The theological importance of Mary’s unique yet representative person in the Syriac tradition was best and most fully expressed by the fourth-century poet-theologian St. Ephrem (d. 373). A lay deacon and catechist who served the poor in Nisibus and Edessa, and who died ministering among plague victims, Ephrem was the first and greatest of Syrian authors. He composed hundreds of hymns and homilies-over four hundred of which have survived. Many of the hymns he composed were for the women’s choirs that he instituted. Jacob of Serug later praised Ephrem for this achievement: “The blessed Ephrem saw that the women were silent from praise, and in his wisdom he decided it was right that they should sing out.”

The music is now lost but the texts survive, revealing Ephrem’s extraordinary ability to use types and symbols to express the awesome connection between earth and heaven that God’s love in the Incarnation has brought about. For Ephrem, anything and everything in creation pointed to the Creator. “Blessed is he who has appeared to our human race under so many metaphors,” he insisted, meaning both the language of words and of nature itself. Sharing much of the theology of the great fourth-century Cappadocian fathers (Basil and the two Gregories), Ephrem stressed Mary’s role as central in salvation history. Without her there could have been no Incarnation.

Ephrem’s Hymns on the Nativity dwell on this central significance. Creation gave birth to Christ in natural symbols, just as Mary gave birth to him in the flesh. She was, therefore, a living symbolic bridge between the Hebrew and Christian testaments, and a way for illiterate believers to connect and understand them. For centuries, biblical interpreters and painters were inspired by Ephrem’s way of linking images-for example, presenting Mary as the Burning Bush or the Ark of the Covenant, both objects that bore something holier than themselves. Ephrem’s influence can also be seen in the late medieval masterpiece in the Cathedral of Aix-en-Provence, where Mary sits high on a tree that is burning at the edges. She holds her son as Moses kneels before them. It is also found in Piero della Francesco’s Madonna del Parto, in which the pregnant Madonna steps out of a tent-like tabernacle lined with goatskins like those God prescribed to Moses for the Ark of the Covenant.

Though Ephrem was steeped in biblical stories and symbolism, he did not confine his hymns and homilies to them, as the anonymous dialogue poems did, but creatively pieced together Mary’s complex character, often in her own voice. He let her speak for herself in countless imagined ways-in lullabies to her son, prayers of praise to God, and songs to her fellow humans-that allowed her a significant teaching voice in the life of the early Christian community. By embodying Jesus’ teaching in Mary’s voice, Ephrem kept her presence powerfully alive. And since both doctrine and teaching were enacted and performed by believers, they experienced their own continuity with the past in the timeless reality of the Eucharist.

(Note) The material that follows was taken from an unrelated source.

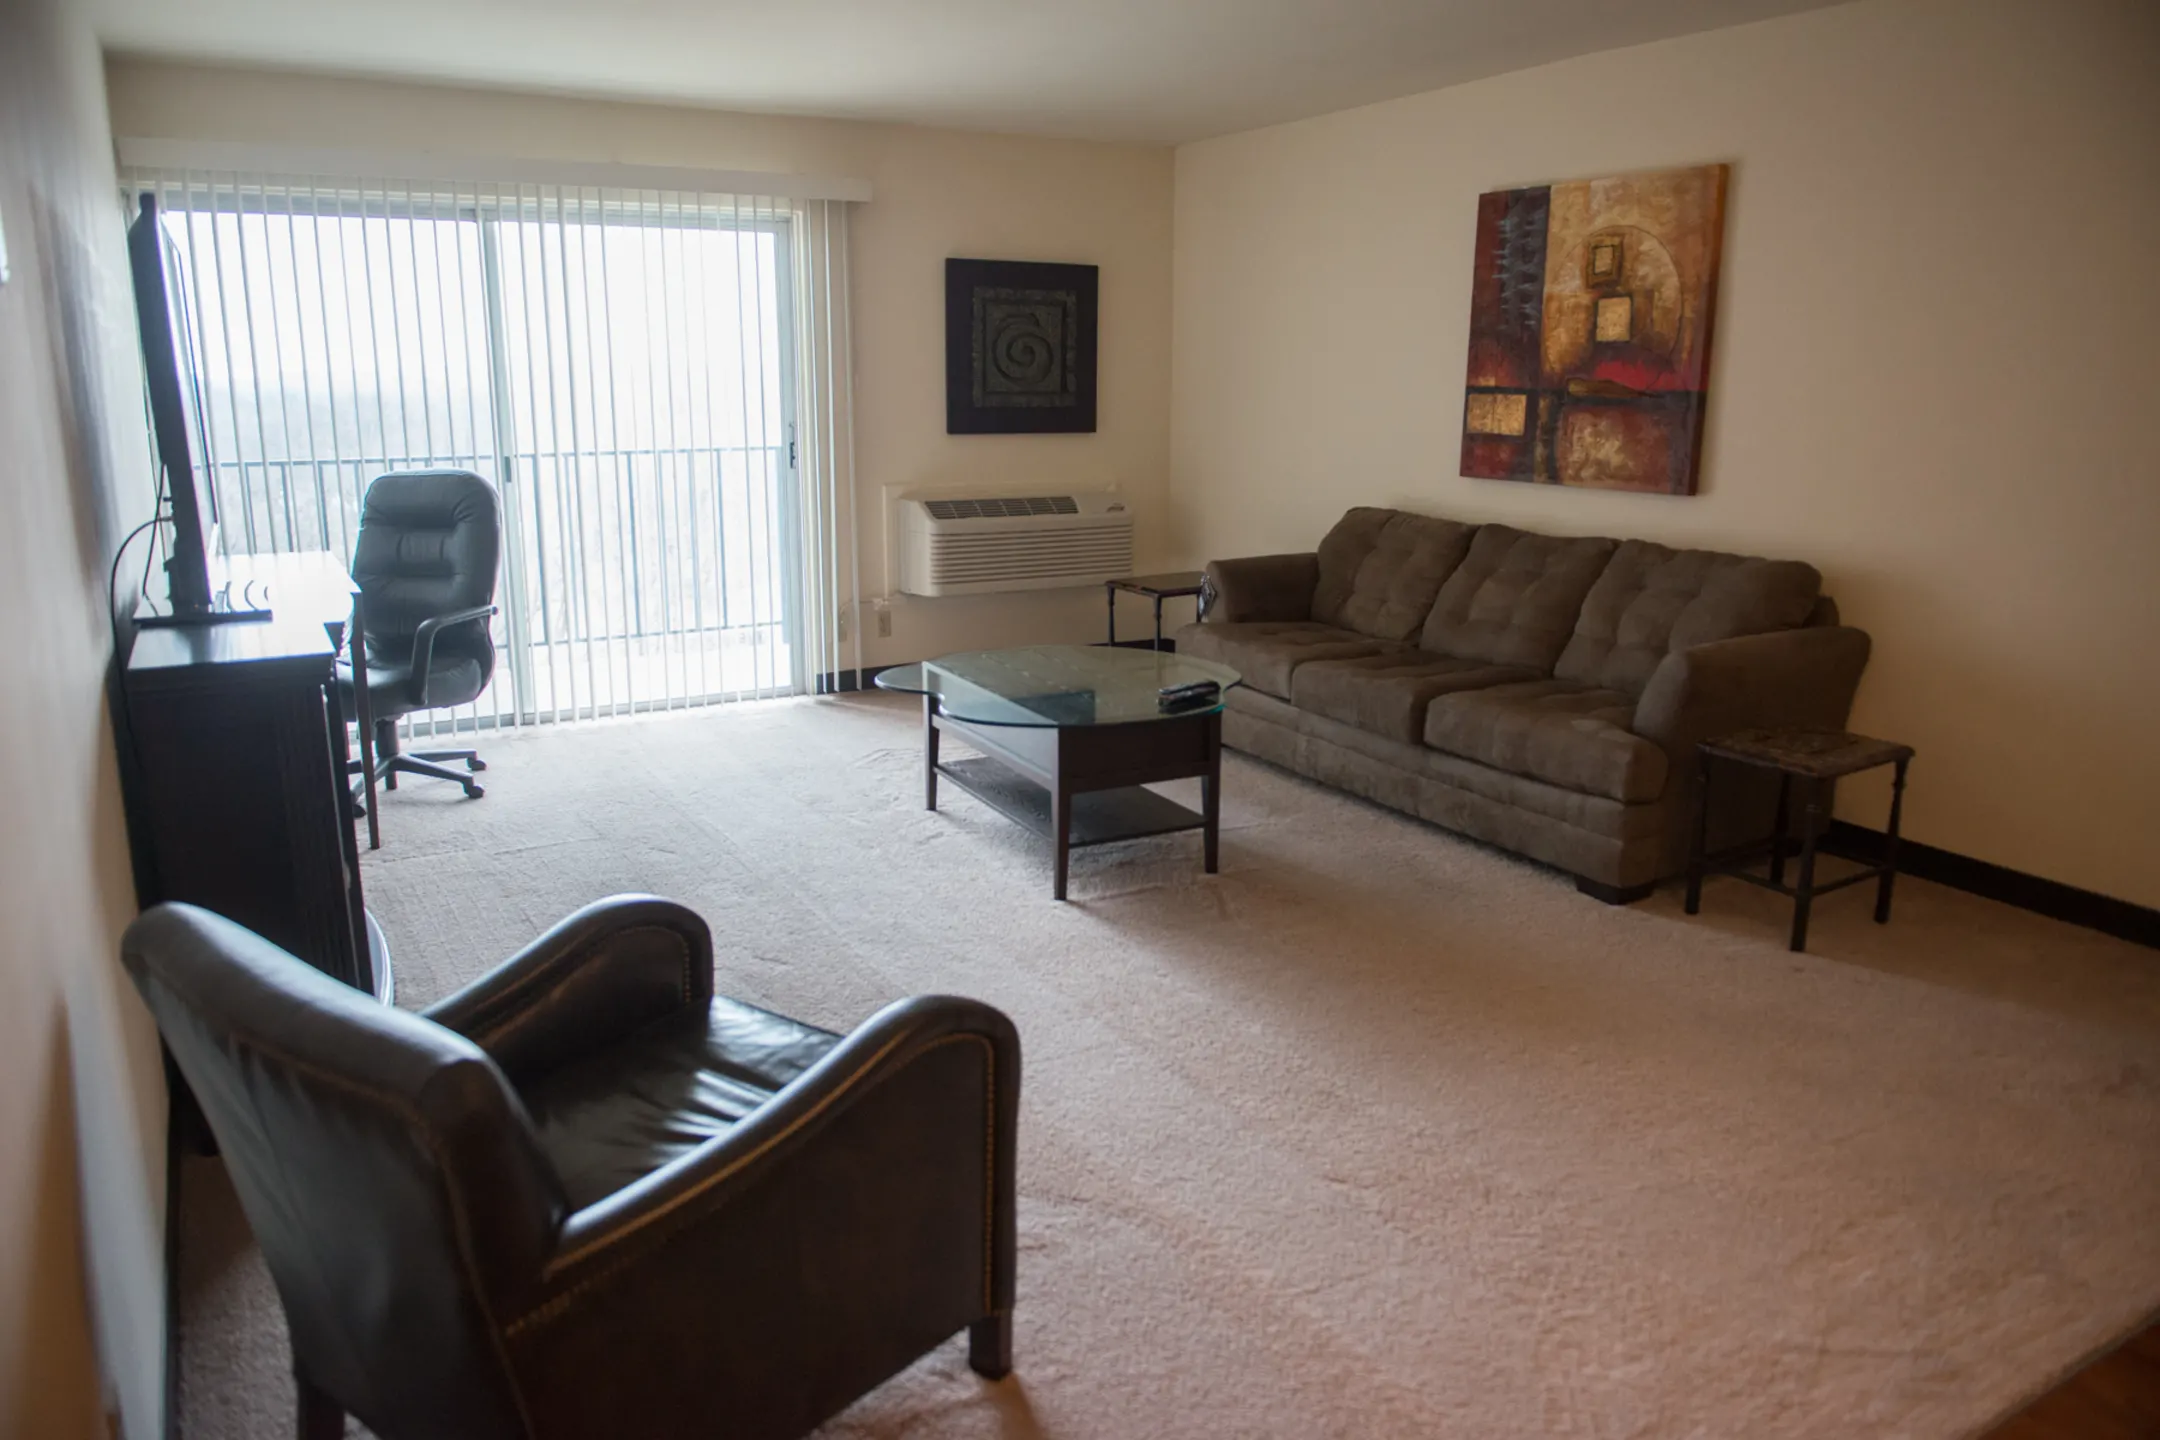 Living Room - Portage Trail East - Cuyahoga Falls, OH

Ephrem’s sacramental theology and imaginative liturgical hymns and homilies shaped Syrian Catholic tradition. It can replenish and refresh us today, especially during the season of Advent, by reminding us that God’s love of creation and desire for human cooperation in shaping it is timeless. This vision invites us to participate in God’s ongoing work. In ancient Syriac literature, Mary is both image and voice of the unity of physical and spiritual reality. But she is also our representative, our sister, the “daughter of humanity” as Ephrem insists, who accurately sees reality with her “luminous eyes.” He sums up the timeless meaning of this good news in this homily on the Nativity:

This day Mary has become for us

The heaven that bears God

For in her the exalted Godhead

Has descended and dwelt;

In her It has grown small, to make us great.

The late Sally Cunneen was professor English at SUNY, and was the author of In Search of Mary and The Icon Reborn.